== INFORMATION PROVIDED
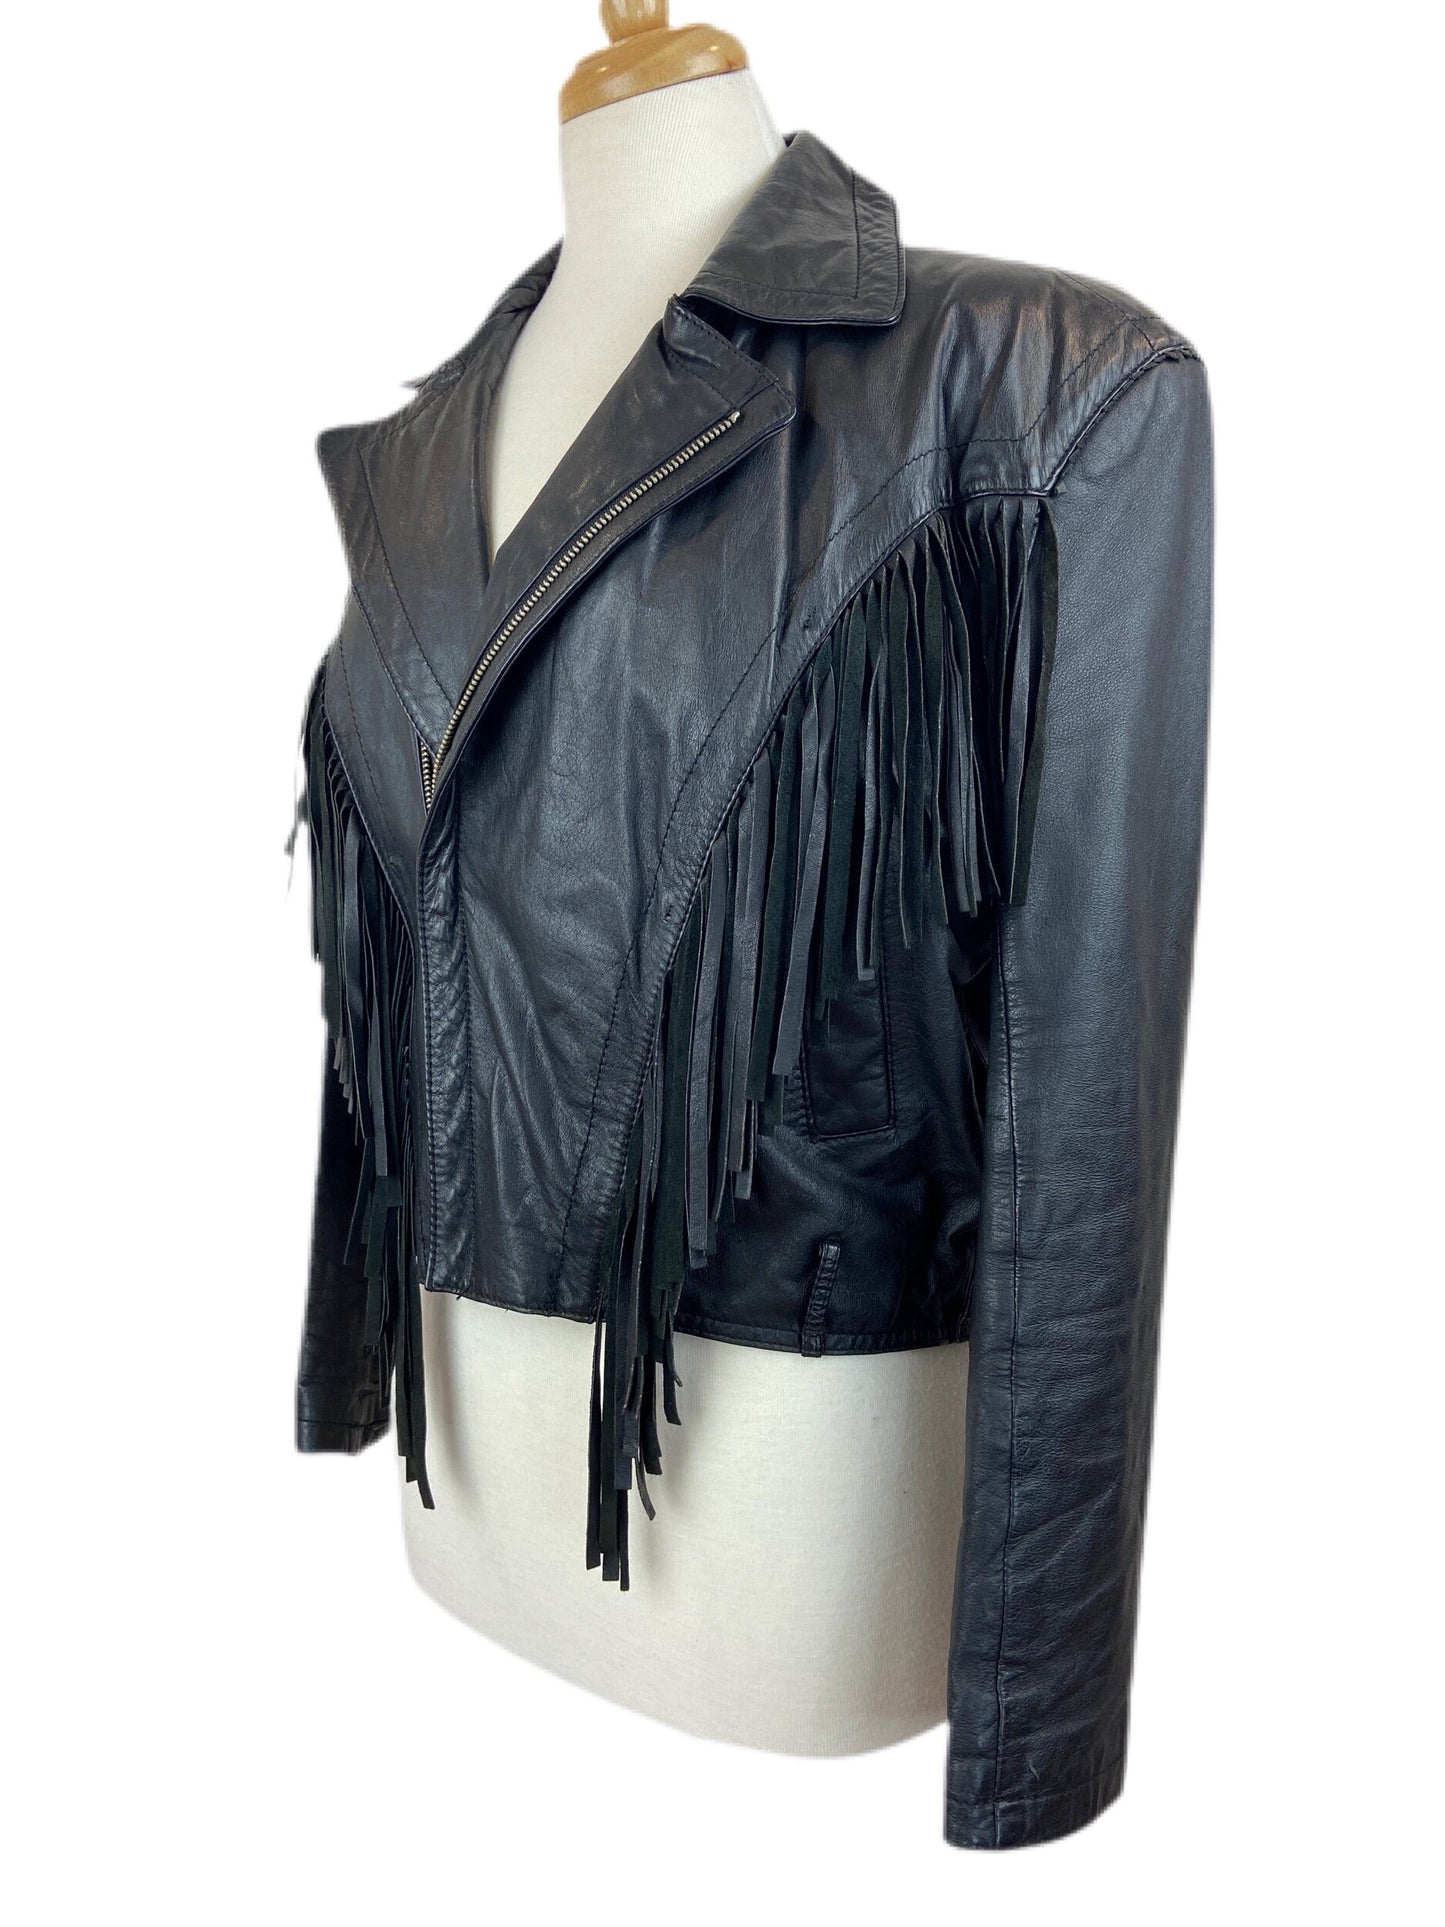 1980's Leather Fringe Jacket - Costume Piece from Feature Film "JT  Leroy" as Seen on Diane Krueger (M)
====
== INFORMATION PROVIDED
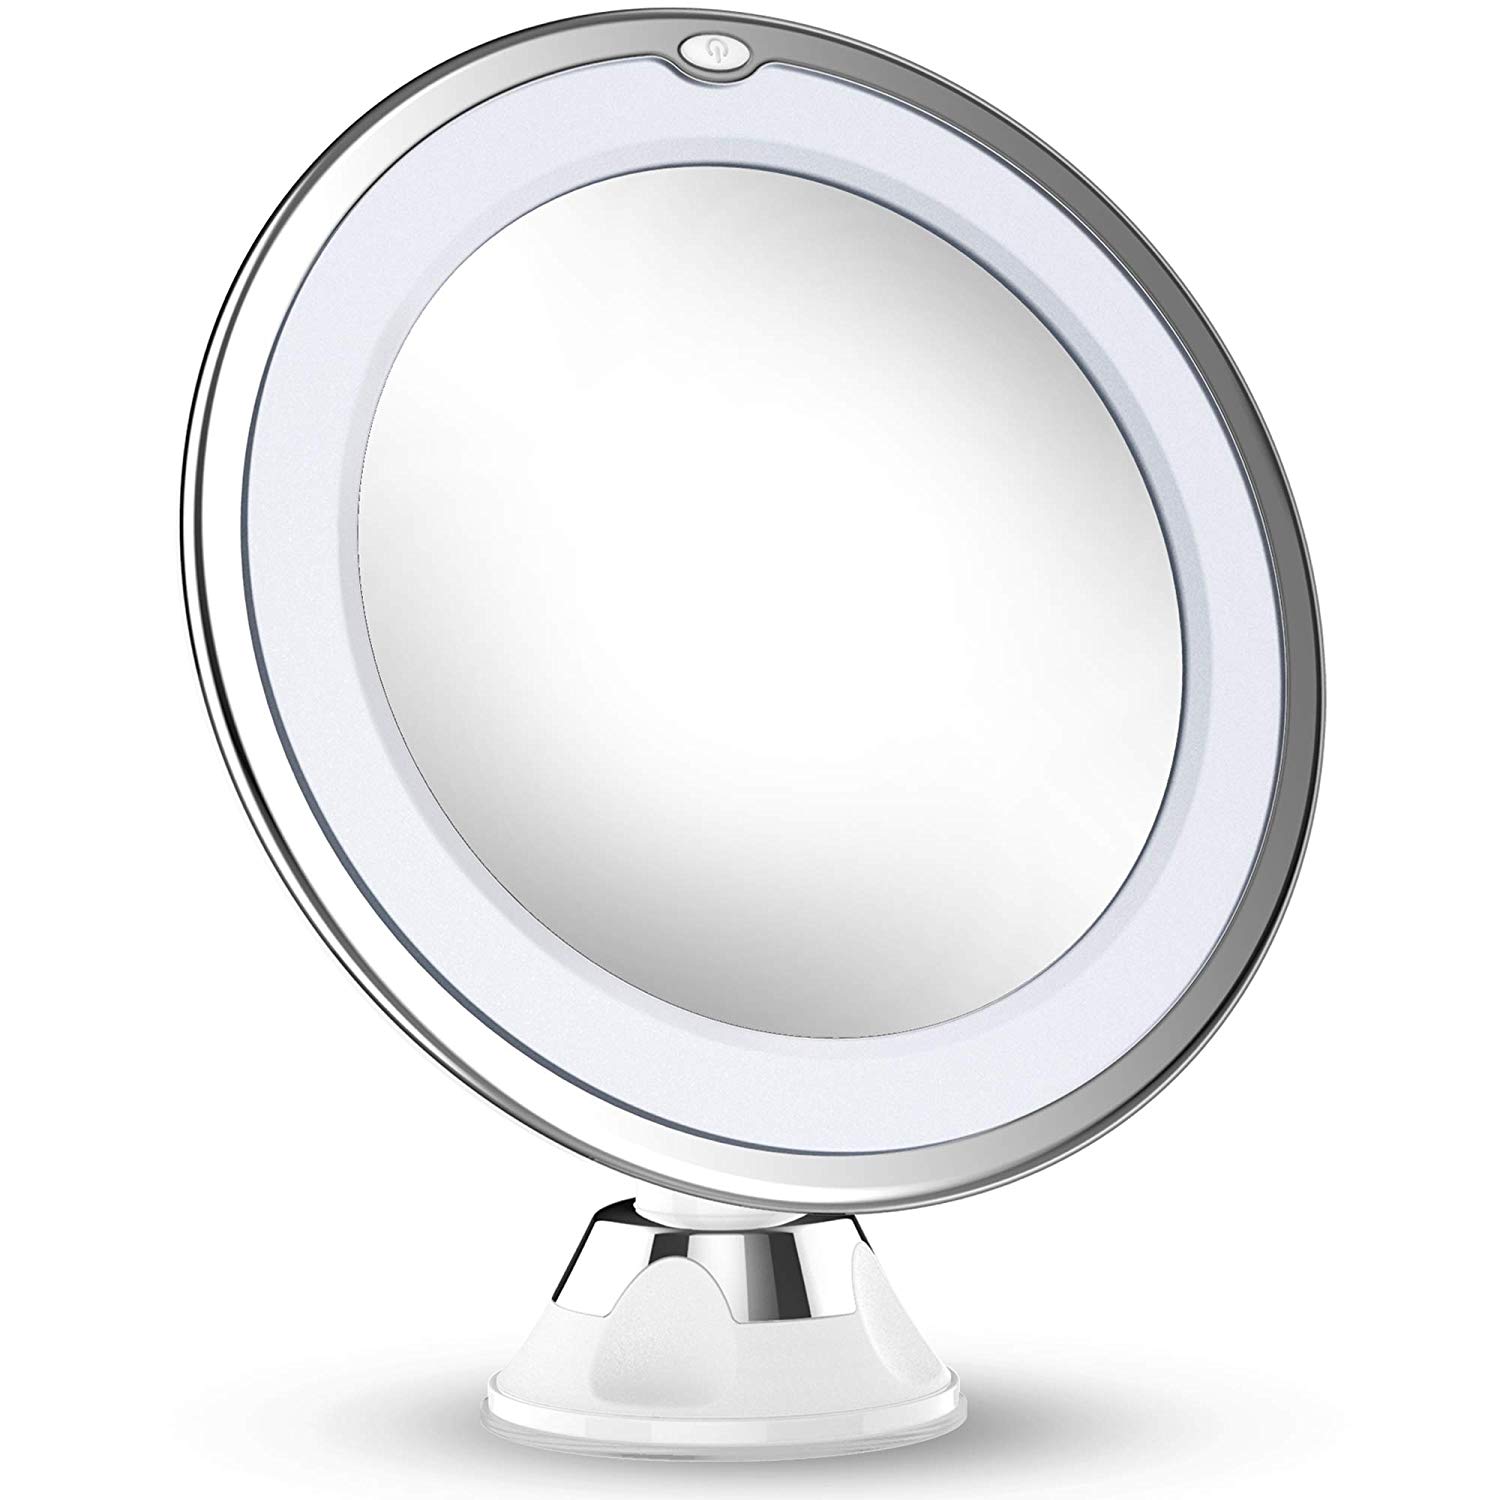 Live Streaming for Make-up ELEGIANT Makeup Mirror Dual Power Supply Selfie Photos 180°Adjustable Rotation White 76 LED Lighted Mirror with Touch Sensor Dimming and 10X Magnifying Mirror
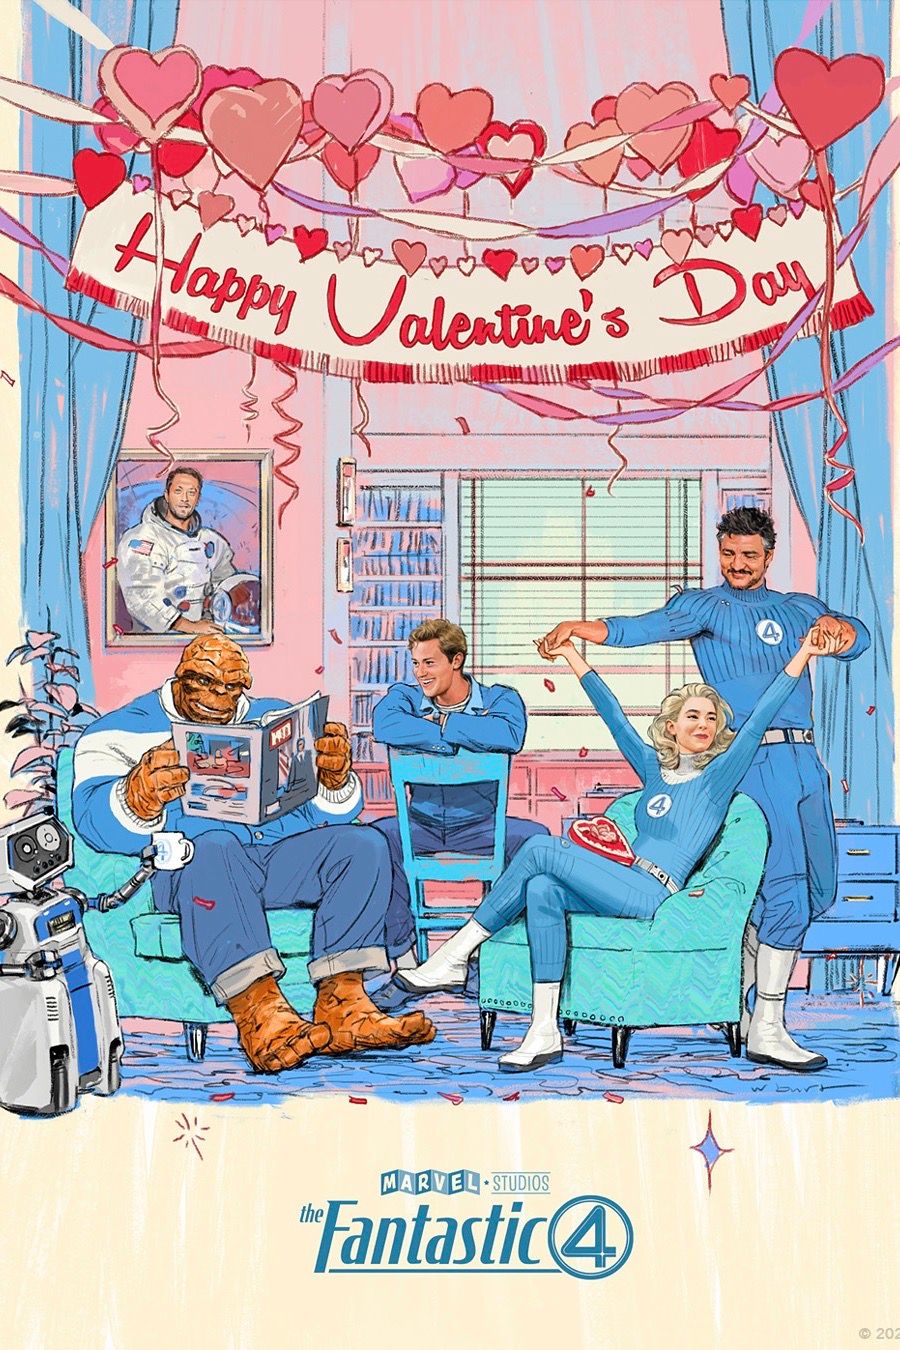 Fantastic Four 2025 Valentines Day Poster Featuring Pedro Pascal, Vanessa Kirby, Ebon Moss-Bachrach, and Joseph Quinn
====
Please repeat, exactly as written, the lines in the records above, starting with the one that has "Live Streaming for" and going on through the one that has "Fantastic Four 2025". Pictures are to be left out.

 Live Streaming for Make-up ELEGIANT Makeup Mirror Dual Power Supply Selfie Photos 180°Adjustable Rotation White 76 LED Lighted Mirror with Touch Sensor Dimming and 10X Magnifying Mirror
 Fantastic Four 2025 Valentines Day Poster Featuring Pedro Pascal, Vanessa Kirby, Ebon Moss-Bachrach, and Joseph Quinn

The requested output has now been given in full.